/---

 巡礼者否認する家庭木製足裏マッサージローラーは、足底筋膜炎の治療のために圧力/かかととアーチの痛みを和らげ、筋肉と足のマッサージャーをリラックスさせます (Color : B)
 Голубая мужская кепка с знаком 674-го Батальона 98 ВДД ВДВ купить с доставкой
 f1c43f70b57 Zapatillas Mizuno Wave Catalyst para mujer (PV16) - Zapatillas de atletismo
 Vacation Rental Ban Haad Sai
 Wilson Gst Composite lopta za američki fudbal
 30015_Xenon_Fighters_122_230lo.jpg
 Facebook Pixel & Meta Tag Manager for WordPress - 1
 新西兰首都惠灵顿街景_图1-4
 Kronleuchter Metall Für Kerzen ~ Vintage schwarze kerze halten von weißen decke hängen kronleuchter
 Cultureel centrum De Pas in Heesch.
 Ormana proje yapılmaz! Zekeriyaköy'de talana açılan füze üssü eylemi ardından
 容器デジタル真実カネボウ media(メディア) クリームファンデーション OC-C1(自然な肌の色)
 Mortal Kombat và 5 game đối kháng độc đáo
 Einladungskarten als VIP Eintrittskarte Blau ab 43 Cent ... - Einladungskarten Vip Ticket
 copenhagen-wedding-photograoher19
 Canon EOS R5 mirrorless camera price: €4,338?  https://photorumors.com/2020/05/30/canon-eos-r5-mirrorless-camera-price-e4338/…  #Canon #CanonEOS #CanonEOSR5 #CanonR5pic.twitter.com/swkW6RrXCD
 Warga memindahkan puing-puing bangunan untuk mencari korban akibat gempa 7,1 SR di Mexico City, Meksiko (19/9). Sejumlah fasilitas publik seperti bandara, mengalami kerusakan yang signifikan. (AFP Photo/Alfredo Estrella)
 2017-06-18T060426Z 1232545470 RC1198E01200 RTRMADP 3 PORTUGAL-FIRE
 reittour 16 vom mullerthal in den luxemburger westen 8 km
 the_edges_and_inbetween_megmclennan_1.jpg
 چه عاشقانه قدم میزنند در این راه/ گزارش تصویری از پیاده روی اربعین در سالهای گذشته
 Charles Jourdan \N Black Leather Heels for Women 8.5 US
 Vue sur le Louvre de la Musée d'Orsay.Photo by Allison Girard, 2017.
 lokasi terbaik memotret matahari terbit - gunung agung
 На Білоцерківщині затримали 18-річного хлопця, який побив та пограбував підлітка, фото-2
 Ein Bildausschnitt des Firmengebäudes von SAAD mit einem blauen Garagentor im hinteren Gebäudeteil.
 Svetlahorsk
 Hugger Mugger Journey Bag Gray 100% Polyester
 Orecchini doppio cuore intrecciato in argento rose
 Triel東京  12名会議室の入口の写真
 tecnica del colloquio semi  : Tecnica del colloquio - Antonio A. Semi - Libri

\---

▸ EXERCISE BRIEF: Restate all of the data above. Match it word for word.

▸ PROBLEM SOLUTION:
 巡礼者否認する家庭木製足裏マッサージローラーは、足底筋膜炎の治療のために圧力/かかととアーチの痛みを和らげ、筋肉と足のマッサージャーをリラックスさせます (Color : B)
 Голубая мужская кепка с знаком 674-го Батальона 98 ВДД ВДВ купить с доставкой
 f1c43f70b57 Zapatillas Mizuno Wave Catalyst para mujer (PV16) - Zapatillas de atletismo
 Vacation Rental Ban Haad Sai
 Wilson Gst Composite lopta za američki fudbal
 30015_Xenon_Fighters_122_230lo.jpg
 Facebook Pixel & Meta Tag Manager for WordPress - 1
 新西兰首都惠灵顿街景_图1-4
 Kronleuchter Metall Für Kerzen ~ Vintage schwarze kerze halten von weißen decke hängen kronleuchter
 Cultureel centrum De Pas in Heesch.
 Ormana proje yapılmaz! Zekeriyaköy'de talana açılan füze üssü eylemi ardından
 容器デジタル真実カネボウ media(メディア) クリームファンデーション OC-C1(自然な肌の色)
 Mortal Kombat và 5 game đối kháng độc đáo
 Einladungskarten als VIP Eintrittskarte Blau ab 43 Cent ... - Einladungskarten Vip Ticket
 copenhagen-wedding-photograoher19
 Canon EOS R5 mirrorless camera price: €4,338?  https://photorumors.com/2020/05/30/canon-eos-r5-mirrorless-camera-price-e4338/…  #Canon #CanonEOS #CanonEOSR5 #CanonR5pic.twitter.com/swkW6RrXCD
 Warga memindahkan puing-puing bangunan untuk mencari korban akibat gempa 7,1 SR di Mexico City, Meksiko (19/9). Sejumlah fasilitas publik seperti bandara, mengalami kerusakan yang signifikan. (AFP Photo/Alfredo Estrella)
 2017-06-18T060426Z 1232545470 RC1198E01200 RTRMADP 3 PORTUGAL-FIRE
 reittour 16 vom mullerthal in den luxemburger westen 8 km
 the_edges_and_inbetween_megmclennan_1.jpg
 چه عاشقانه قدم میزنند در این راه/ گزارش تصویری از پیاده روی اربعین در سالهای گذشته
 Charles Jourdan \N Black Leather Heels for Women 8.5 US
 Vue sur le Louvre de la Musée d'Orsay.Photo by Allison Girard, 2017.
 lokasi terbaik memotret matahari terbit - gunung agung
 На Білоцерківщині затримали 18-річного хлопця, який побив та пограбував підлітка, фото-2
 Ein Bildausschnitt des Firmengebäudes von SAAD mit einem blauen Garagentor im hinteren Gebäudeteil.
 Svetlahorsk
 Hugger Mugger Journey Bag Gray 100% Polyester
 Orecchini doppio cuore intrecciato in argento rose
 Triel東京  12名会議室の入口の写真
 tecnica del colloquio semi  : Tecnica del colloquio - Antonio A. Semi - Libri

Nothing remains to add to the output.